Assuming these loans both have an interest rate of 10 percent, your interest expense for the 10-year loan would be $58,580.88. For the 1-year loan, your interest expense would be $5,499.06.
While this is an oversimplified example, it illustrates how interest costs vary based on your loan term. Assuming all else is equal, you’ll pay more interest expense on a loan with a longer-term versus a shorter term.
Keep this component in mind when you’re evaluating potential loan terms. While you should consider the cost of interest rates and other fees when researching your loan options, a long-term loan could still be in your business’s best interest.
If you take out a short-term loan, you’ll be expected to pay it off sooner, which in some cases may not be feasible. Just as your business should avoid taking out too long of a loan term, a short-term loan could lead to missed payments or other financial stresses.
2. Matching Cash Flow to Your Business Loan Term
Maintaining healthy cash flow is a crucial challenge for any small business owner, regardless of your business’s industry. To that end, you must choose a business financing term that aligns with your current and future cash flow needs.
As previously mentioned, with shorter loan terms, you’ll need to pay back your loan faster, so your payments will be relatively large. You may have smaller amounts with a longer-term loan, but they’ll extend over longer durations.
In either case, you need to ensure your payment dates and amounts align with other cash inflows and outflows. Otherwise, you can easily end up with no cash on hand to make your payments. If this occurs, you’ll be stuck with significant debt, which could hurt your business’s financial future.
In some cases, your lender may be flexible on your payment due dates so that they aren’t on top of other bill due dates. However, it’s up to you as the business owner to be aware of all of your financial obligations and ensure that you can responsibly afford all of them.
3. Consider Your Credit Score
Anytime you borrow money, your business loan or business line of credit offer will likely be contingent on your credit score.
Typically, business lenders prefer working with business owners with a strong credit history. This is because they have a good track record of paying off their balances. Although it is possible to get approved for a bad credit business loan, you may not be given an ideal loan term.
If this occurs, it might be best to work on improving your credit score before applying for a small business loan. To improve your credit score, we suggest taking measures such as:
Consolidate debt
Pay bills in full and on-time
Check your credit report to ensure that there are no mistakes. If there are any errors, contact the credit bureaus to fix them as soon as possible.
Improve other aspects of your business’s finances
Conclusion: A Final Note on Picking the Right Business Loan Term
Finding the right small business loan term is a balancing act. If you choose a term that is too long, you’ll pay more than you need in interest payments. However, if you select a loan term that’s too short, your payments could be unmanageable.
If you have trouble repaying your loan, you’ll risk your business’s credit score, in addition to your ability to qualify for future funding options.
On top of all that, long-term loan options typically allow for larger loan amounts. Due to this, if you need a large influx of cash, your decision may already be made for you. A long-term loan is usually advised for small business owners that need large loan amounts for expansion projects, expensive equipment, or other significant costs.

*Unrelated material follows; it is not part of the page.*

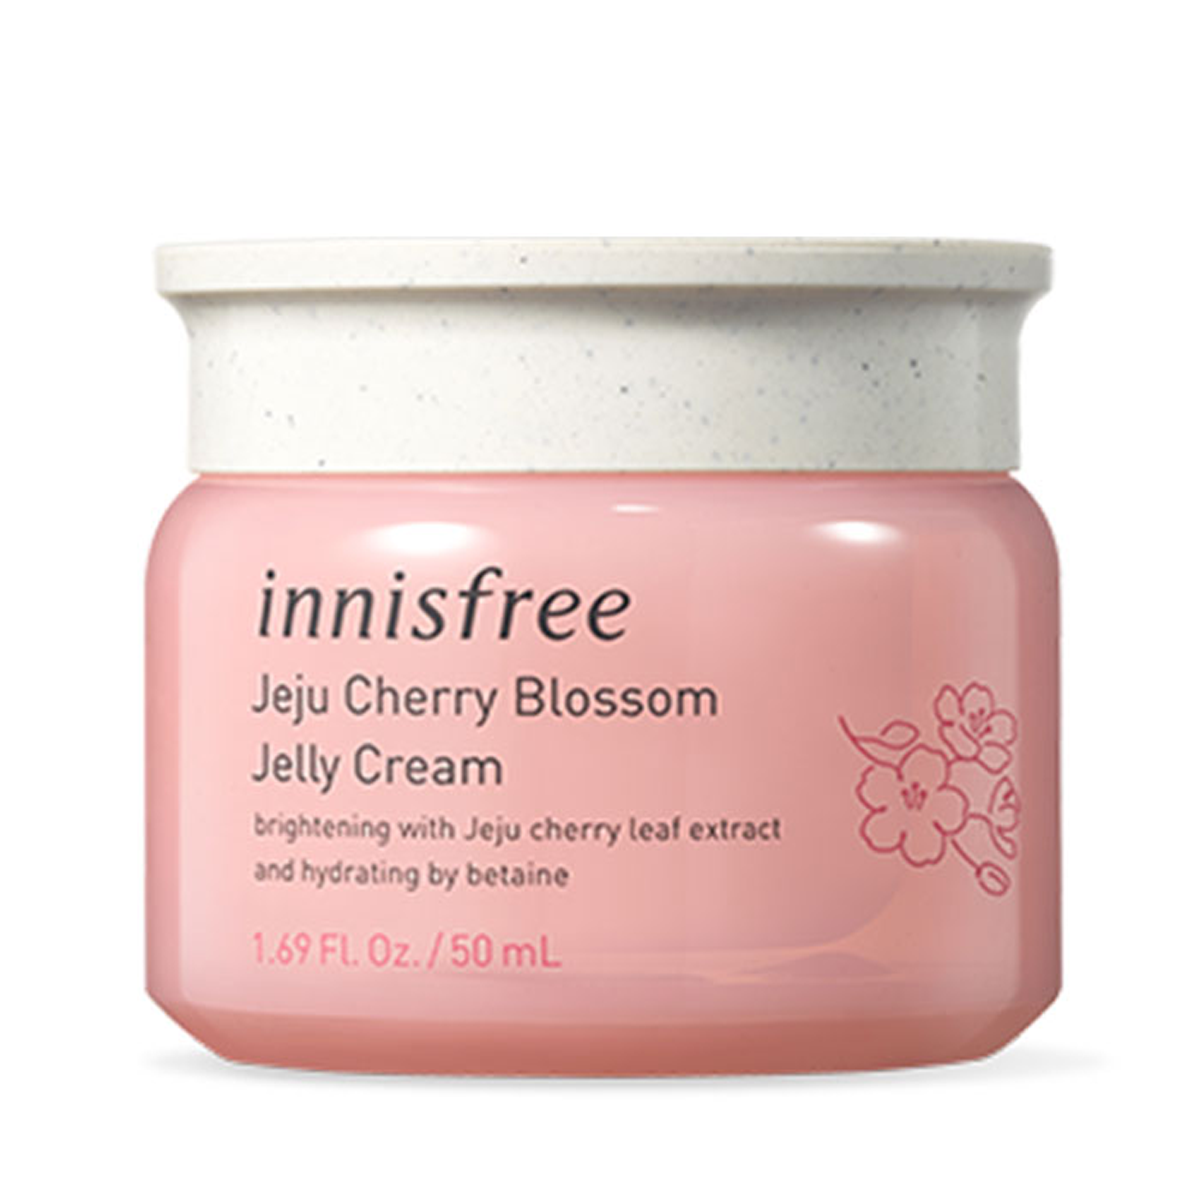 innisfree - Cherry Blossom Glow Jelly Cream

To simplify the application and find your ideal loan term, we’d recommend going back to the two questions we started this post with:
How much additional working capital does your business require?
What do you need the money for (equipment, real estate, inventory, etc.)?
Answer these questions, narrow down your list of business financing options, then compare the terms offered by those options. After that, it’ll be much easier to determine your ideal loan term.
Editor’s Note: This post was updated for accuracy and comprehensiveness in July 2022.